Writing dict in uns with many keys is slow
Please make sure these conditions are met
- [X] I have checked that this issue has not already been reported.
- [X] I have confirmed this bug exists on the latest version of anndata.
- [ ] (optional) I have confirmed this bug exists on the master branch of anndata.
Report
Code:
import anndata
import numpy as np
adata = anndata.AnnData()
adata.uns["x"] = {str(i): np.array(str(i), dtype="object") for i in range(20000)}
# %%time
adata.write_h5ad("/tmp/anndata.h5ad")
# %%time
anndata.read_h5ad("/tmp/anndata.h5ad")
On my machine, this takes 7s to write and 4s to load for a dictionary with only 20k elements. How hard would it be to make this (significantly) faster?
Additional context
In scirpy, I use dicts of arrays (one index referring to $n$ cells) to store clonotype clusters. The dictionary is not (necessarily) aligned to one of the axes, therefore it's in uns.
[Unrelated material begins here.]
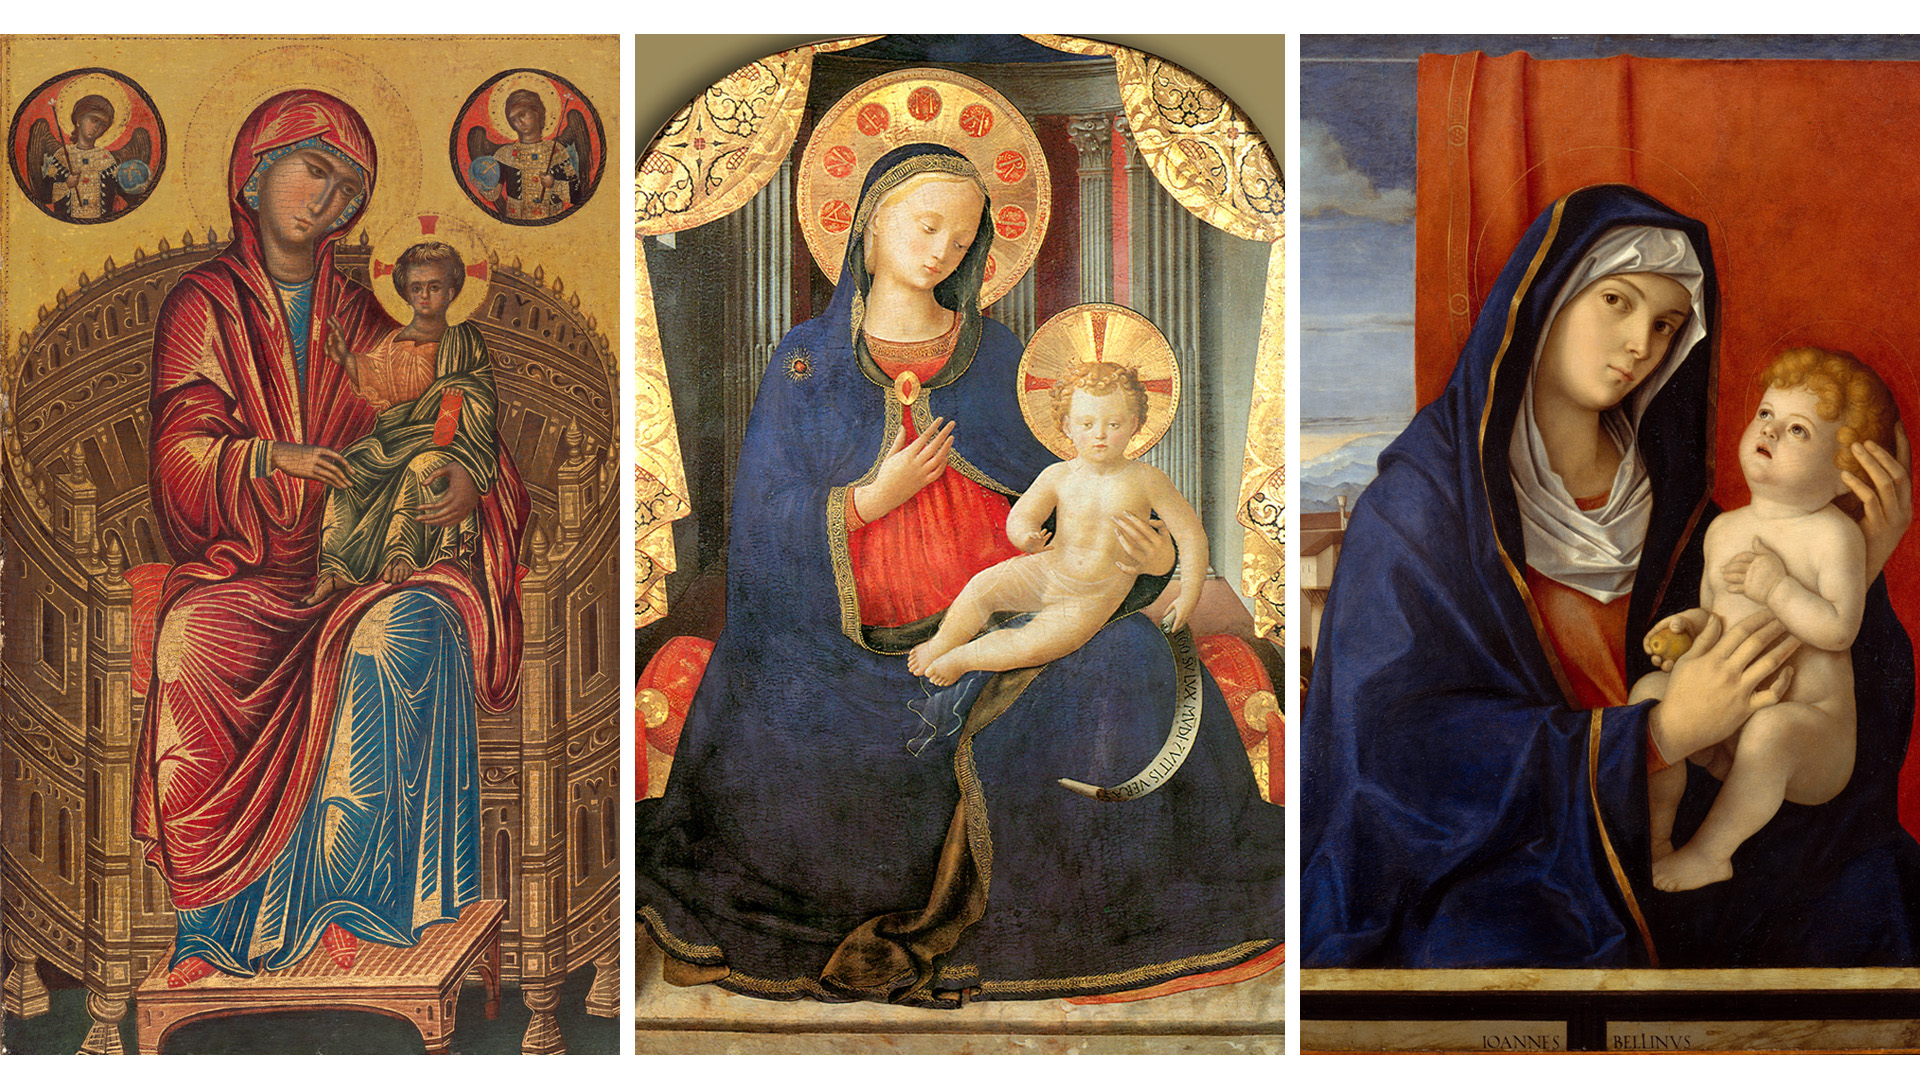 Paintings of the Virgin Mary with Jesus as a Child

As we sped up the clonotype clustering steps, saving the object becomes a major bottleneck, as this dict can have several hundreds of thousands of keys.
We could possibly change the dictionary to something more efficient, but that would mean breaking our data format. Therefore I first wanted to check if it can be made faster on the anndata side.
CC @felixpetschko
Versions
-----
anndata 0.9.2
numpy 1.24.4
session_info 1.0.0
-----
asciitree NA
asttokens NA
awkward 2.6.4
awkward_cpp NA
backcall 0.2.0
cloudpickle 2.2.1
comm 0.1.4
cython_runtime NA
dask 2023.8.1
dateutil 2.8.2
debugpy 1.6.8
decorator 5.1.1
entrypoints 0.4
executing 1.2.0
fasteners 0.18
fsspec 2023.6.0
h5py 3.9.0
importlib_metadata NA
ipykernel 6.25.0
jedi 0.19.0
...
Python 3.10.12 | packaged by conda-forge | (main, Jun 23 2023, 22:40:32) [GCC 12.3.0]
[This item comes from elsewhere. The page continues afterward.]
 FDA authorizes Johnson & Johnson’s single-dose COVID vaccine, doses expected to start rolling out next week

Linux-6.10.5-arch1-1-x86_64-with-glibc2.40
-----
Session information updated at 2024-09-21 14:49
Hmmm @Gregor Sturm I would suspect the issue is that we recursively write the keys' values as their native data type, which means you end up creating thousands of zarr/hdf5 arrays. I'm not really sure we can do much about that at the moment. But with the coming zarr v3 we might in theory be able to do this in parallel, which would be a big boost. So I think we should wait for that: https://github.com/scverse/anndata/pull/1726 will be a first step just to getting things working.
I'm not sure the async/parallel zarr stuff works with v2, but I think it does.
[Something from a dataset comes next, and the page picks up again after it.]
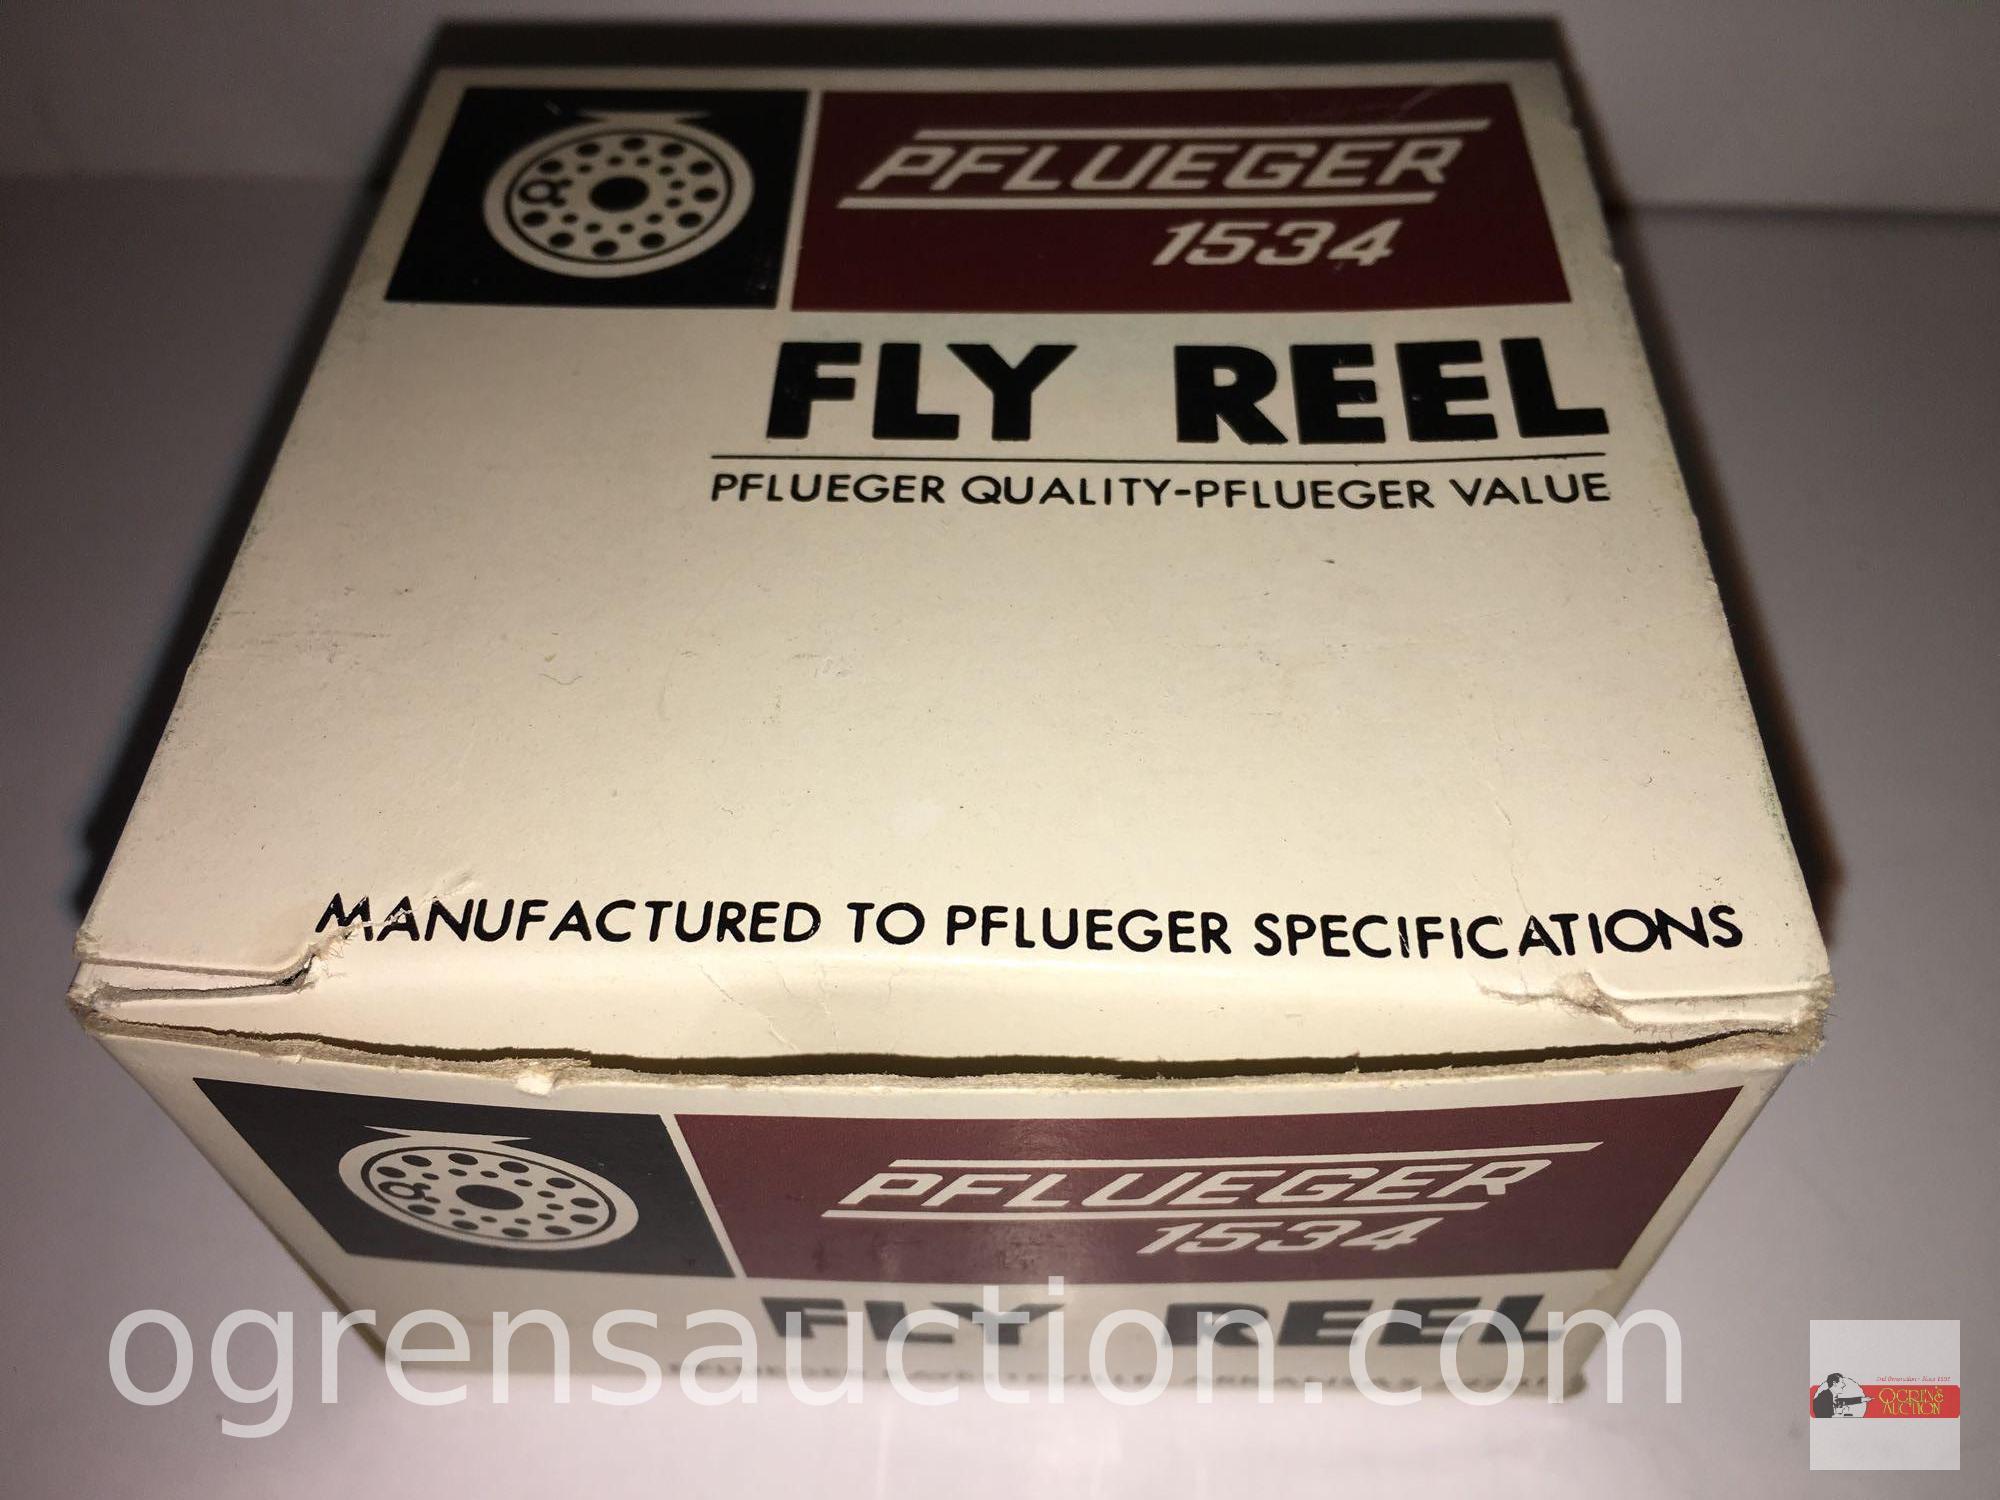 Fishing - Reels - Pflueger 1534 Progress Fly Reel, new old stock in box with paperwork

Thanks for your response! I think we'll just adapt our data format to be more efficient in that case. Feel free to close.
This issue has been automatically marked as stale because it has not had recent activity. Please add a comment if you want to keep the issue open. Thank you for your contributions!
@grst I had a recent experience with python threadpools speeding up zarr by 2X, but not hdf5. I think hdf5 is already multithreaded under the hood, but if you want to experiment with that, it could be helpful. I may also take a whack at it. The idea would be to have a thread-per-elem-write.
File I/O is not subject to the GIL so in theory, this idea could help somewhat especially if you're not compressing.
I don't think that speedups in the order of 2x would get us far. We now anyway adopted a workaround that gave use >100x speedup.
This issue has been automatically marked as stale because it has not had recent activity. Please add a comment if you want to keep the issue open. Thank you for your contributions!
This issue has been automatically marked as stale because it has not had recent activity. Please add a comment if you want to keep the issue open. Thank you for your contributions!